Alman okul sisteminde harekete geçilmesi gereken alanlar
GEW Alman okul sisteminde de hâlâ harekete geçilmesi gereken alanlar olduğunu görüyor, çünkü herşeyden önce okullar içselleyici olmaktan çok uzak. OECD tarafından düzenli aralıklarla yapılan PISA araştırmaları, çocukların sosyal artalanının, yoksulluk koşullarında yaşamanın, göç ve engelliliğin eğitim fırsatlarını oldukça sınırlandırdığına ilişkin okul yaşantısından edindiğimiz kendi izlenimlerimizi onaylıyor. Federal hükümetin güncel ulusal eğitim raporu ile ırkçılıkla mücadele dairesinin raporu, aslında geçmiş rapor dönemleriyla karşılaştırıldığında göç kökenli insanların günümüzde eğitime daha iyi bir katılım sağladığını, ama eğitim, çıraklık ve mesleğe erişimlerinin göç kökenli olmayan yaşıtlarının gerisinde kalmaya devam ettiğini öne çıkartıyor. Çokboyutlu ayrımcılık Alman eğitim sisteminden başarıyla geçmeyi engelleyen zorlukları arttırıyor.

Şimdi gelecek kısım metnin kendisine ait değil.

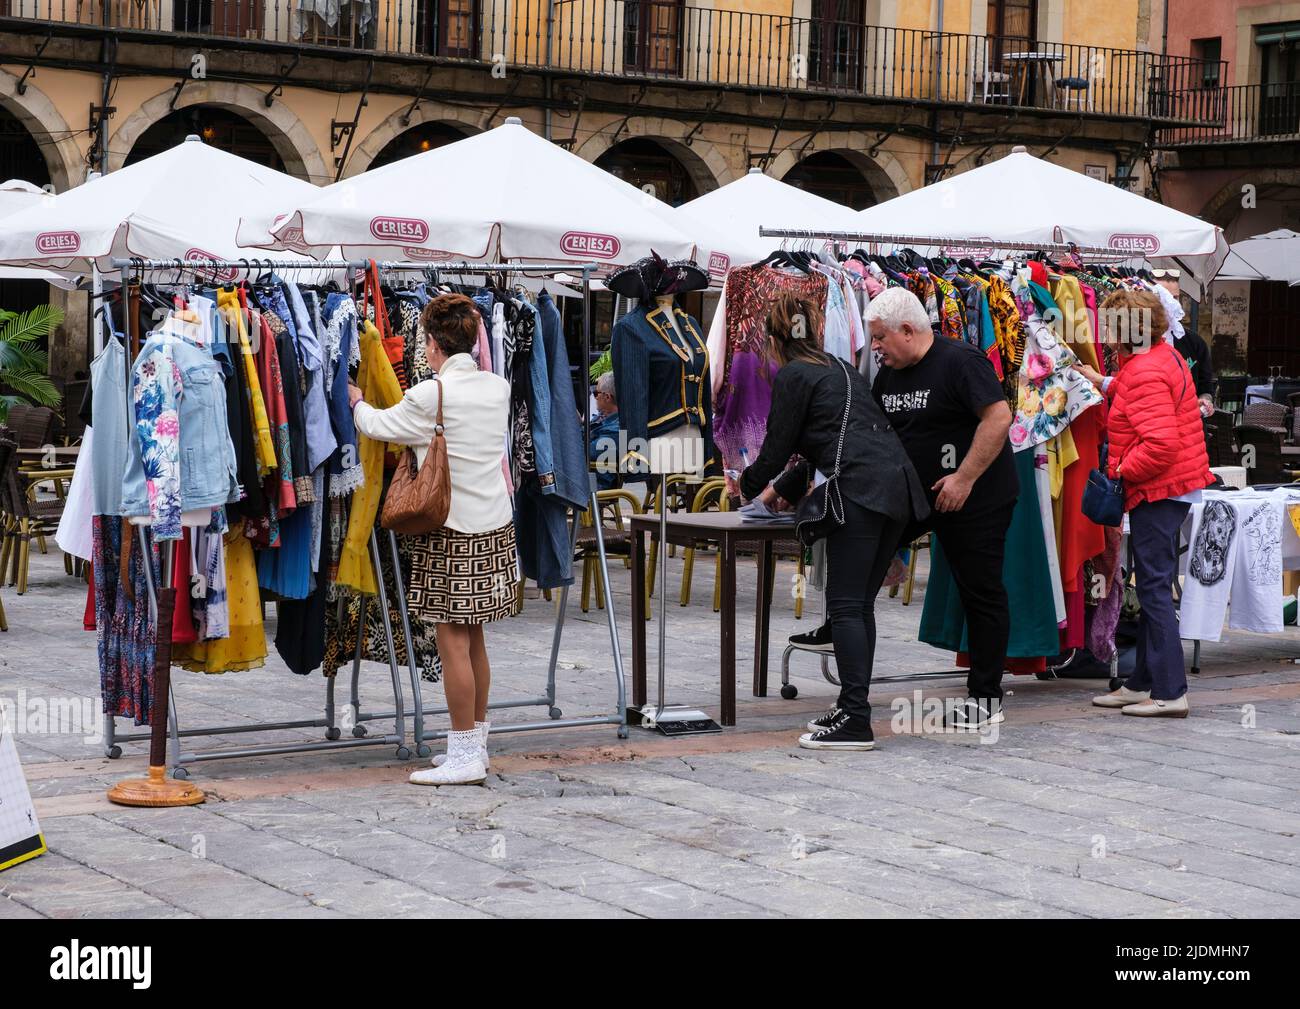 Spagna, Leon. Shopping per l'abbigliamento in Plaza Mayor. Foto Stock

Eğitim sendikası olarak bu durumun değişmesi için çalışmak istiyoruz.
Sığınmacı çocukları için de eğitim
Savaşlar, silahlı çatışmalarla yürütülen anlaşmazlıklar ve şiddet nedeniyle insanlar kaçıyor. Servetin ve egemenliğin eşitsiz dağılımı da, açlık felaketleri ya da iklim değişikliği birçok insanın eğitim hakkından yararlanamamasının nedenleridir. Almanya’da güncel olarak yaşanan yoğun sığınmacı ve aynı zamanda Avrupa Birliği (AB) ülkelerinden gelen işgücü göçü, okul, çocuk yuvası ve farklı eğitim kuruluşlarında çalışan üyelerimiz için üstesinden gelinmesi gereken yeni sorumluluklardır. “Resmi evrak başarısızlığın nedeni olmamalı” adlı bir araştırmanın yardımıyla, ülkemizde yaşayan tüm çocukların – yasal ikamet statüleri bulunmayanlar da dahil – eğitim hakkının mantığına uygun olarak eğitim alıp almadıklarını inceledik. Ne yazık ki durum beklendiği gibi değil. Bunun değişmesi için, yönetmeliği tanıtmak ve uygulamak amacıyla yasal bir uygulama paketine ihtiyaç var. GEW eğitim hakkının Almanya’da yaşayan herkes için gerçekleştirilebilmesi amacıyla, siyasete yönelttiği kendi önerilerini ve eylem tavsiyelerini kısa süre önce “eğitim bekleyemez” adlı talebiyle tanıttı.